Bearing bad news is never welcome

2 min read
Georgia State Climatologist Cashiered

Ten days ago Georgia governor Nathan Deal abruptly dismissed the state climatologist and assistant climatologist, announcing the climate office would be moved from the University of Georgia, Athens, to the state's Environmental Protection Division in Atlanta. Complaints followed that at least for a time the state would be without climate assessments and forecasts of considerable value to its US $65 billion agricultural sector. A small local movement emerged to reinstate David Stooksbury (photo) and Pam Knox. Now the federal government has decertified the Georgia state climate office on grounds the new operation may not be competent to fulfill its mission.

The decision to move the office has been made in terms of administrative efficiency, and Governor Deal has denied political motivation. Deal, however, is known to count himself among climate science skeptics. In 2009, as a member of the United States House of Representatives, Deal signed onto a petition challenging the U.S. Environmental Protection Agency's authority to regulate carbon, despite a Supreme Court ruling that said it could and probably should do so.

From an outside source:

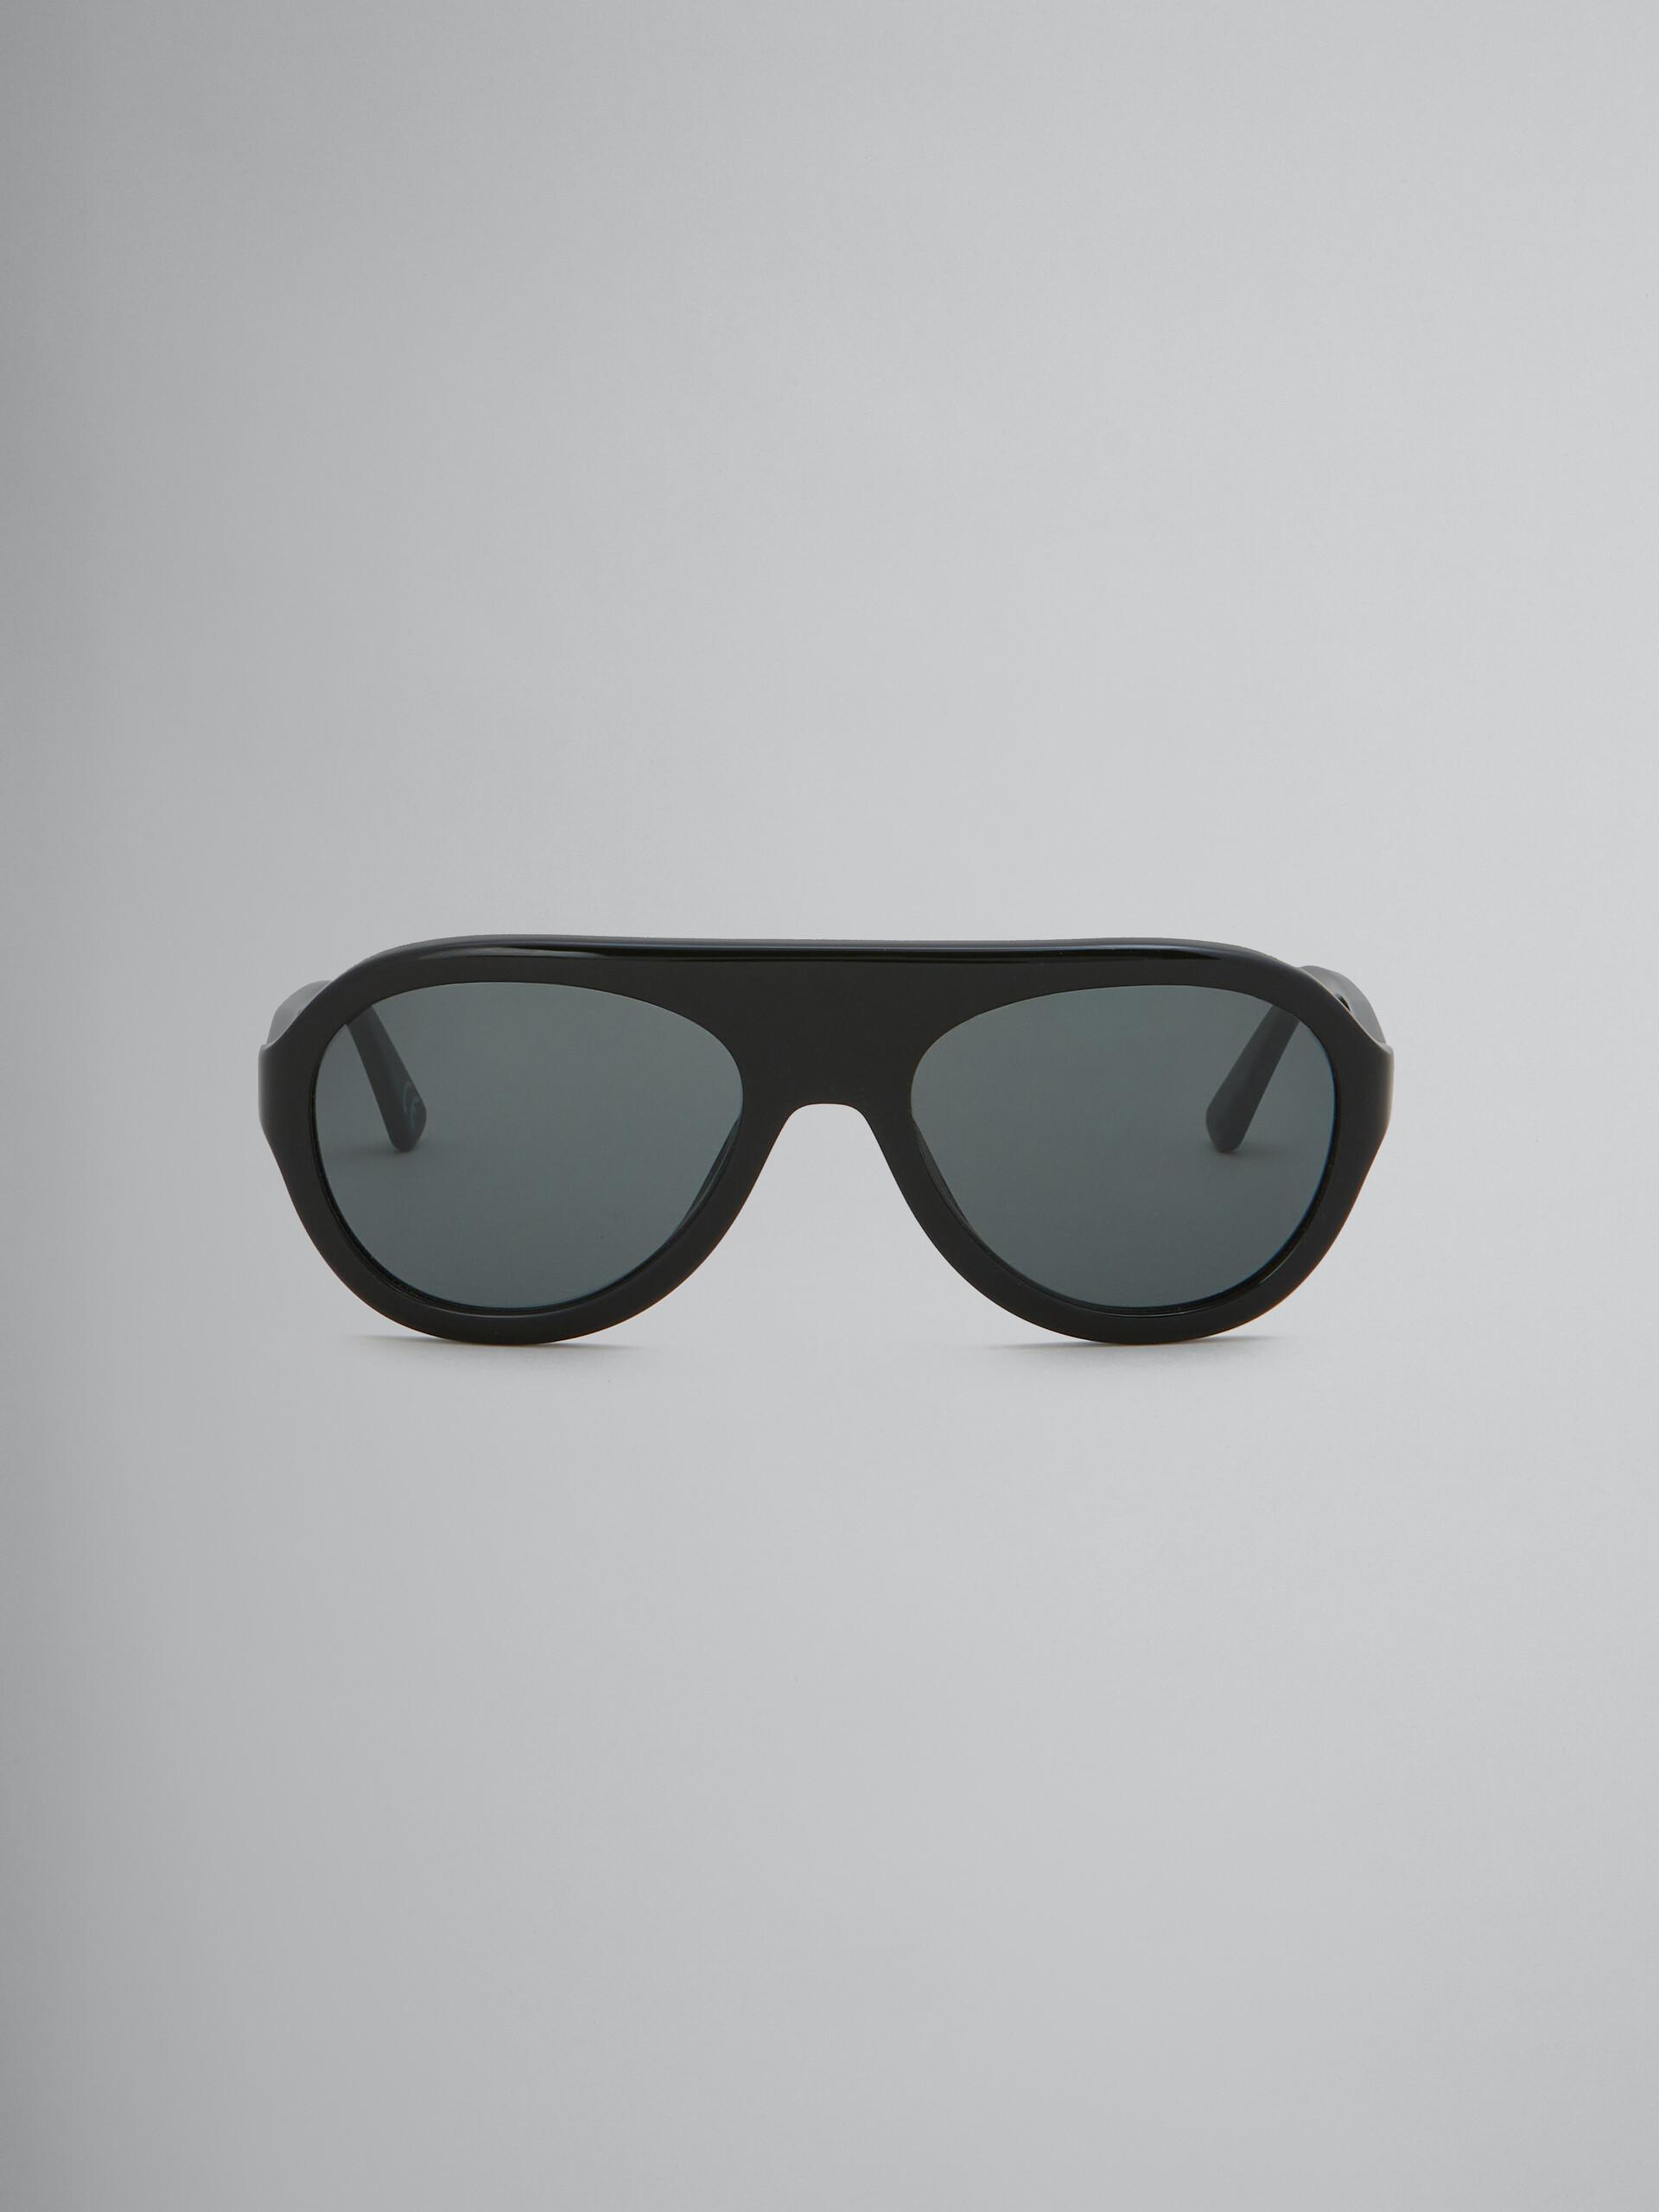 Occhiali Mount Toc aviator in acetato nero - Occhiali da sole - Image 1

Defenders of the Athens climatology office naturally take a dim view of the governor's motivation. One, a close associate of the cashiered climatologists, characterized the sequence of events like this in a personal communication to a fellow scientist:

"(1) Summer 2011 was hot and dry in Georgia. (2) The GA State Ciimatology Office reported that it was hot and dry. (3) Certain drought-sensitive business interests resented that... (4) The governor heard those business interests..."

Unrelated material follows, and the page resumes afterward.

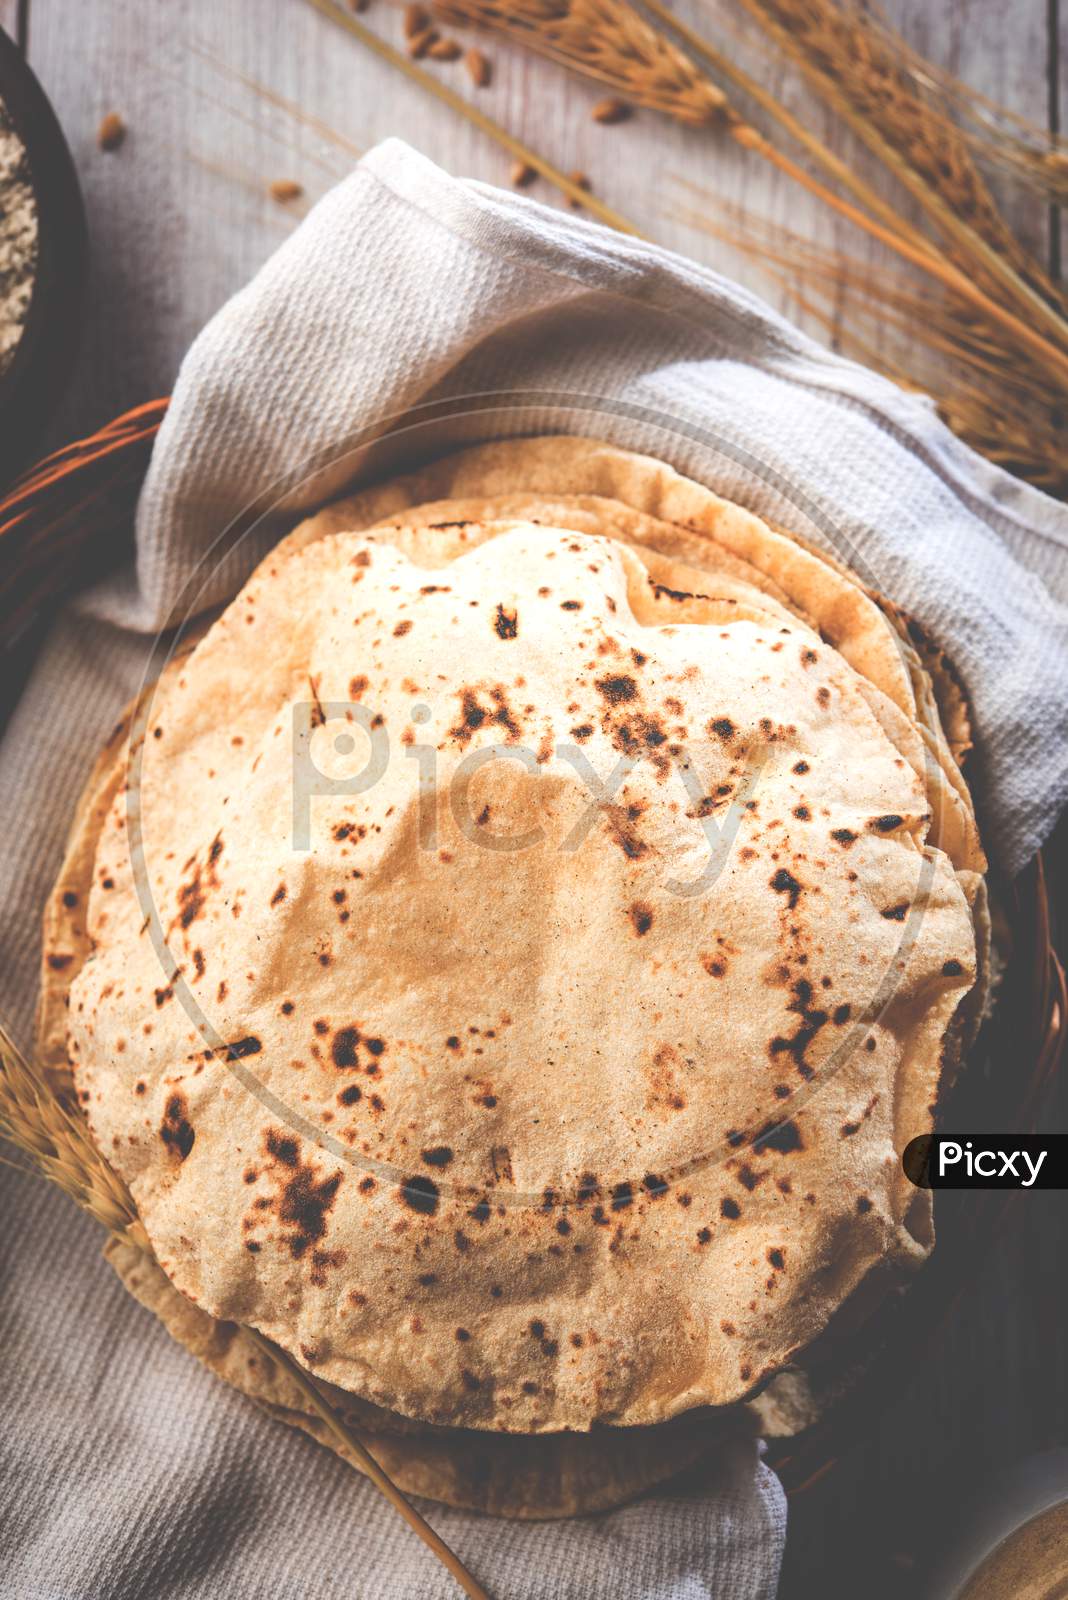 Indian bread / Chapati / Fulka / Gehu Roti

Last June, Georgia State Climatologist Stooksbury (correctly) predicted the summer would be unusually hot, which will not "give you much comfort," the Atlanta Journal-Constitution warned its readers. Evidently it did not much comfort at least one reader, who happened to be the one who mattered most.

Under the circumstances perhaps we should take comfort from small things. Texas governor Rick Perry, out on the presidential campaign trail, has been casting aspersions on climate science while Texas burns. But he has not actually denied that the world is getting warmer, and Texas along with it. He only casts doubt on the case for human causation.